Chapter 11: Markov Chains in Fashion Management

Here we talk about how the concept of Markov Chains can be used to address some of the most important issues in fashion management. 


Chapter 12: Ethical Considerations in Fashion Data Science - We address the ethical implications of data collection, privacy concerns, algorithmic bias, and the fair use of data in the context of fashion management.


Chapter 13: Case Studies and Real-world Examples - This chapter presents practical case studies and real-world examples of successful applications of data science in various aspects of fashion management.


Chapter 14: The Future of Data Science in Fashion - We discuss emerging trends, technologies, and potential future applications of data science in the fashion industry.


Chapter 15: Conclusion - The book concludes by summarizing the key concepts covered and highlighting the transformative potential of data science in driving innovation and success in fashion management.


By the end of this book, readers will have gained a solid foundation in data science principles and a deep understanding of how these principles can be applied to address the unique challenges and opportunities in the field of fashion management.
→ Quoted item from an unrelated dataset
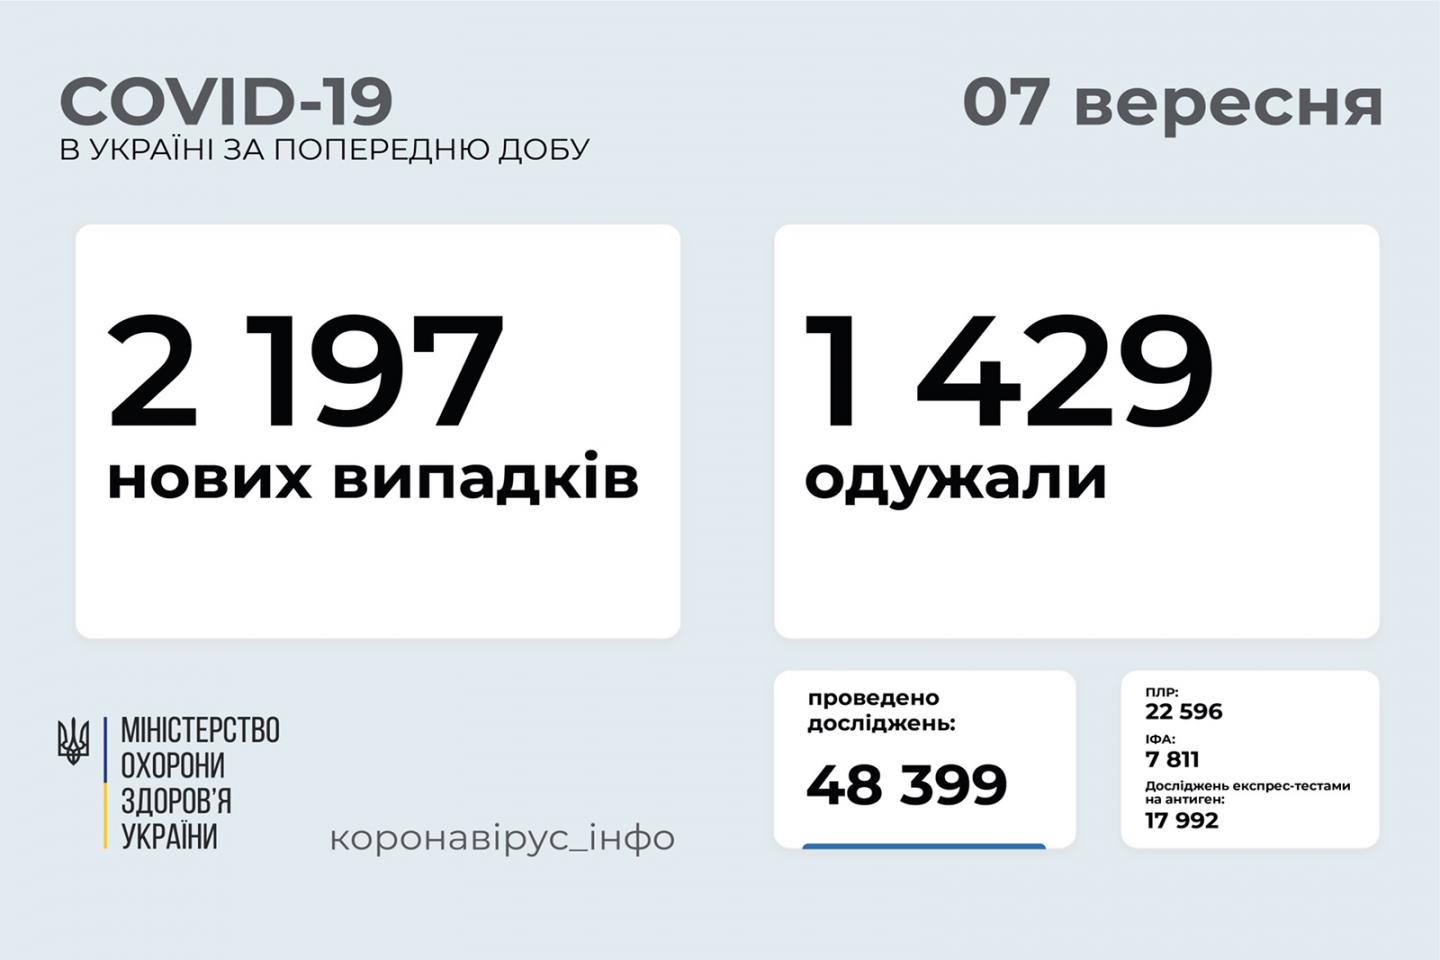 http://dunrada.gov.ua/uploadfile/archive_news/2021/09/07/2021-09-07_8499/images/images-76594.jpg

A Note about the Python Programs Used in the Book

Throughout the book, we primarily use small datasets for illustrative purposes. These datasets are carefully selected to highlight specific concepts and provide a clear understanding of the techniques being discussed. While working with small datasets, it becomes easier for readers to comprehend and reproduce the results presented in the book. However, it is important to note that the techniques and programs can be easily adapted to handle large-scale industry datasets commonly encountered in the fashion industry.

To make the most of the programming examples provided in this book, it is assumed that readers have a basic understanding of Python programming and related libraries such as Pandas, Matplotlib, and machine learning libraries like Scikit-learn or TensorFlow. Familiarity with these libraries will allow readers to grasp the code logic and adapt it to their specific needs. If you are new to Python or these libraries, it is recommended to first acquire the necessary foundational knowledge before diving into the programming examples.

The Python programs presented in this book are designed to be plug and play. This means that readers can simply copy the code provided and use it in a suitable programming environment, such as Jupyter Notebook or any Python Integrated Development Environment (IDE). It is important to note that the programs may have dependencies on specific libraries or packages, which need to be installed beforehand. Instructions for installing the required libraries are typically provided in the introductory chapters or in the program's documentation.

Throughout the book, readers will find programming exercises at appropriate intervals. These exercises are designed to reinforce the concepts covered in the preceding chapters and provide readers with hands-on experience. We strongly encourage readers to attempt these exercises as they offer valuable opportunities to apply the knowledge gained and develop practical skills. Solutions to the exercises are often provided in the book or can be found in supplementary materials or online resources.